This doesn't occur when x is a character:
x <- as.character( letters[1:3] )
combn( x , 2 )
# [,1] [,2] [,3]
#[1,] "a" "a" "b"
#[2,] "b" "c" "c"
Reproducible on R64 on OS X 10.7.5 and Windows 7.
I think it is due to the conversion to matrix done by the simplify parameter.
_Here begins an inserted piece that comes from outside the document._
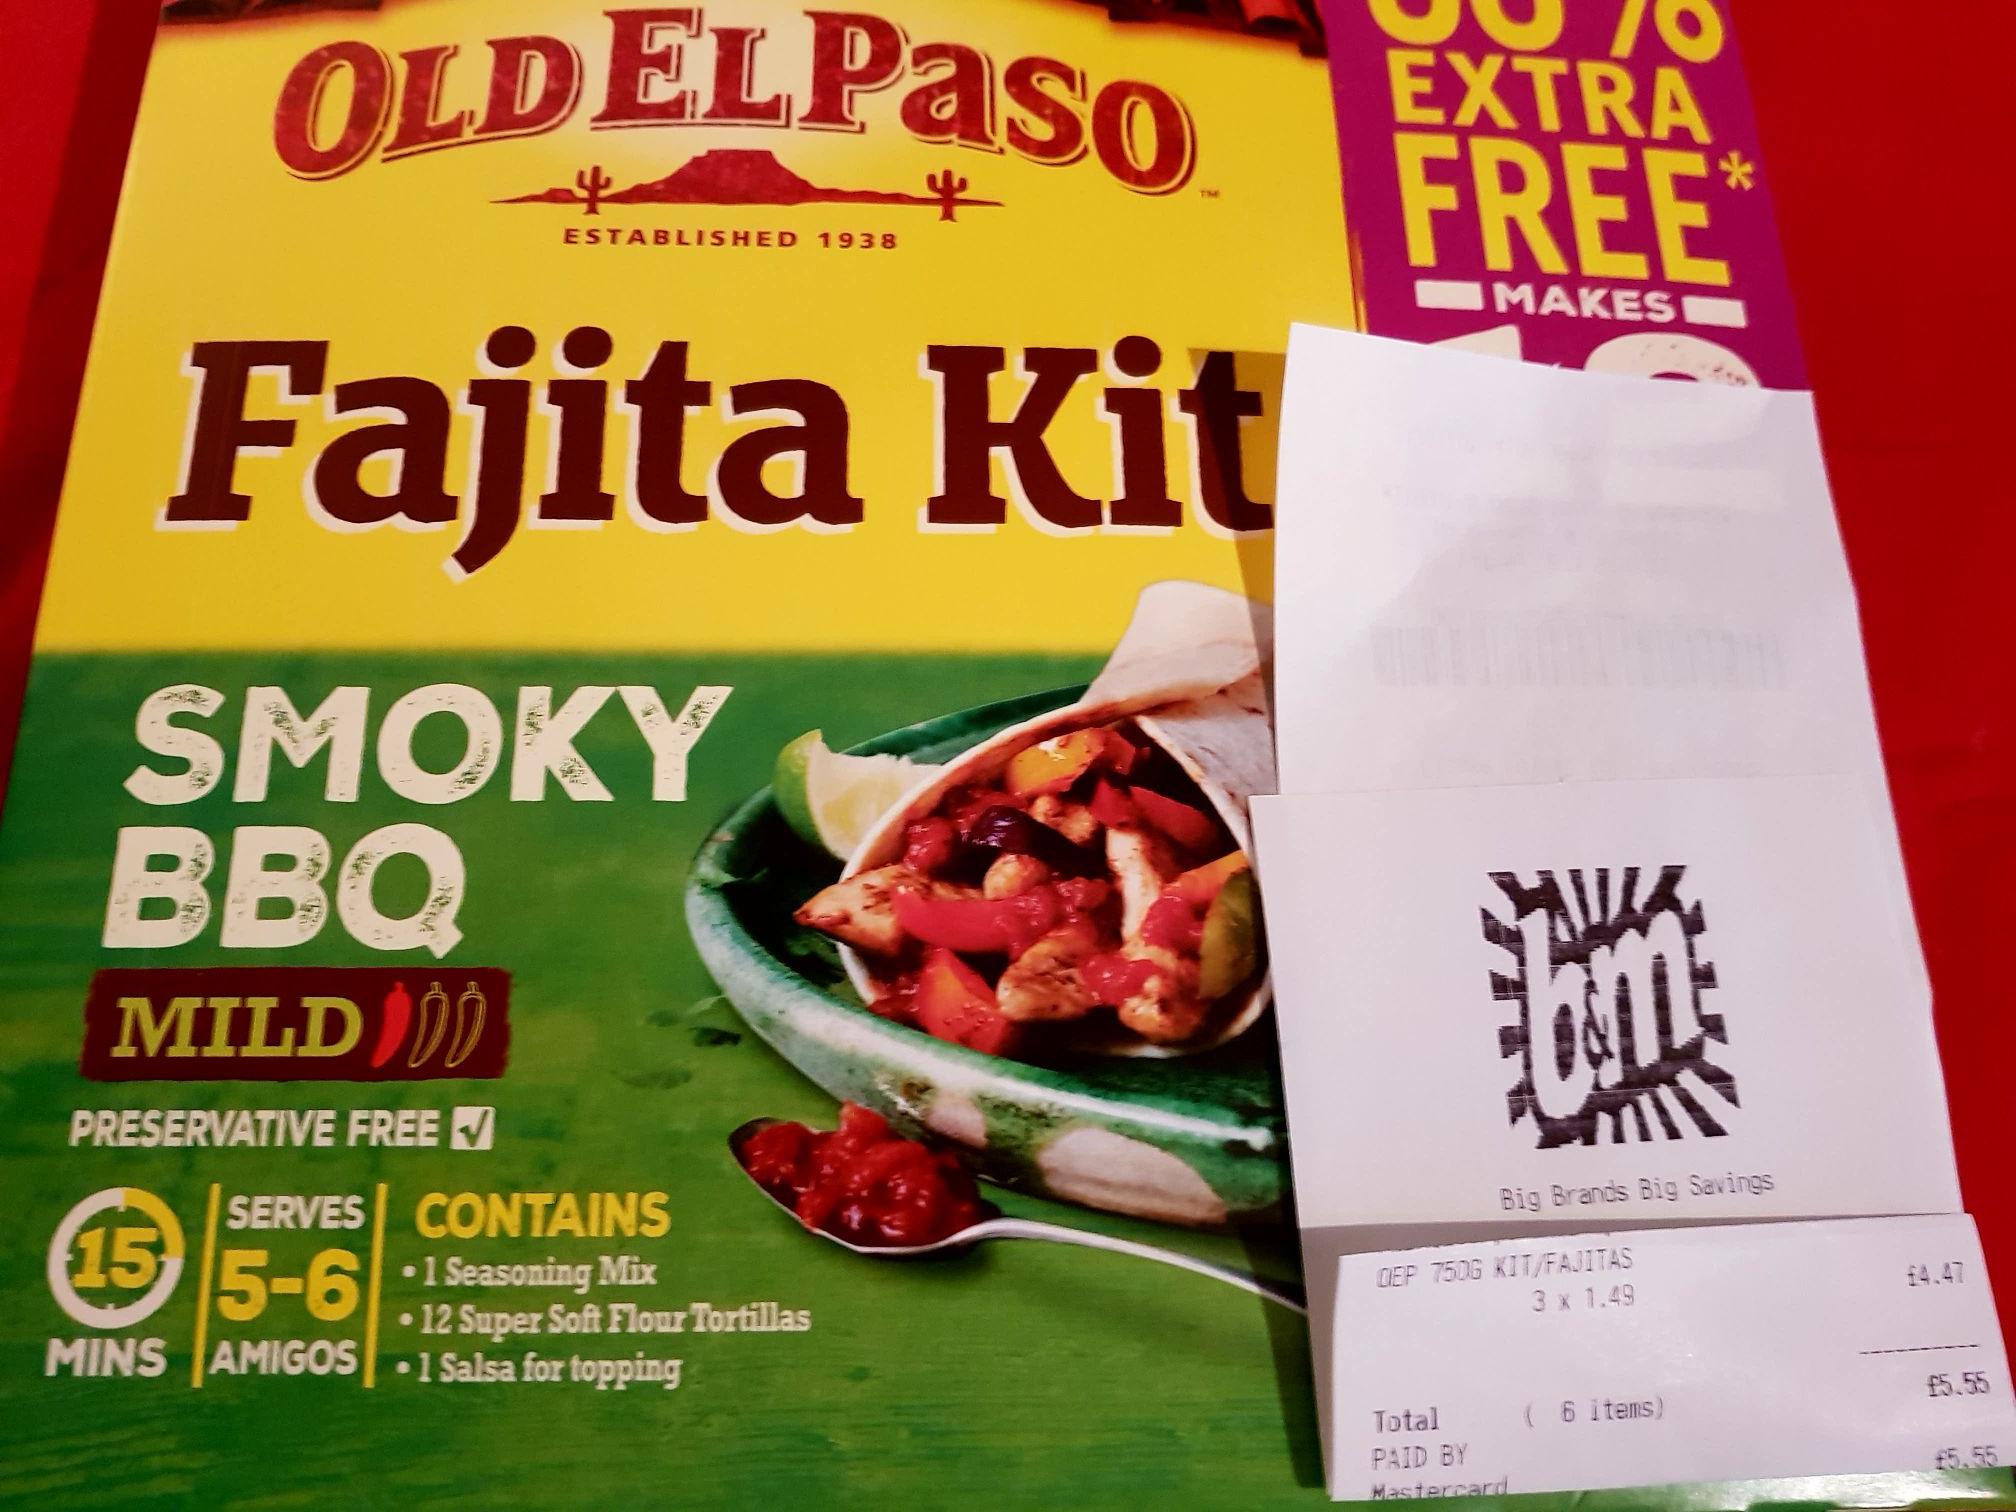 Fajita kit smoky bbq + 50% extra free £1.49 @ B&M

If you don't use it you get:
combn( x , 2 , simplify=FALSE)
[[1]]
[1] a b
Levels: a b c
[[2]]
[1] a c
Levels: a b c
[[3]]
[1] b c
Levels: a b c
The fact that the first column is OK is due to the way combn works: the first column is specified separately and the other columns are then changed from the existing matrix using [<-. Consider:
m <- matrix(x,3,3)
m[,2] <- sample(x)
m
[,1] [,2] [,3]
[1,] "a" "1" "a"
[2,] "b" "3" "b"
[3,] "c" "2" "c"
I think the offending function is therefore [<-.
As Konrad said, the treatment of factors is often odd, or at least inconsistent. In this case I think the behaviour is weird enough to constitute a bug. Try submitting it, and see what the response is.
Since the result is a matrix, and there is no factor matrix type, I think that the correct behaviour would be to convert factor inputs to character somewhere near the start of the function.
I had the same problem. Coercing back to a character vector inside the combn command seems to work:
> combn(as.character(x),2)
[,1] [,2] [,3]
[1,] "a" "a" "b"
[2,] "b" "c" "c"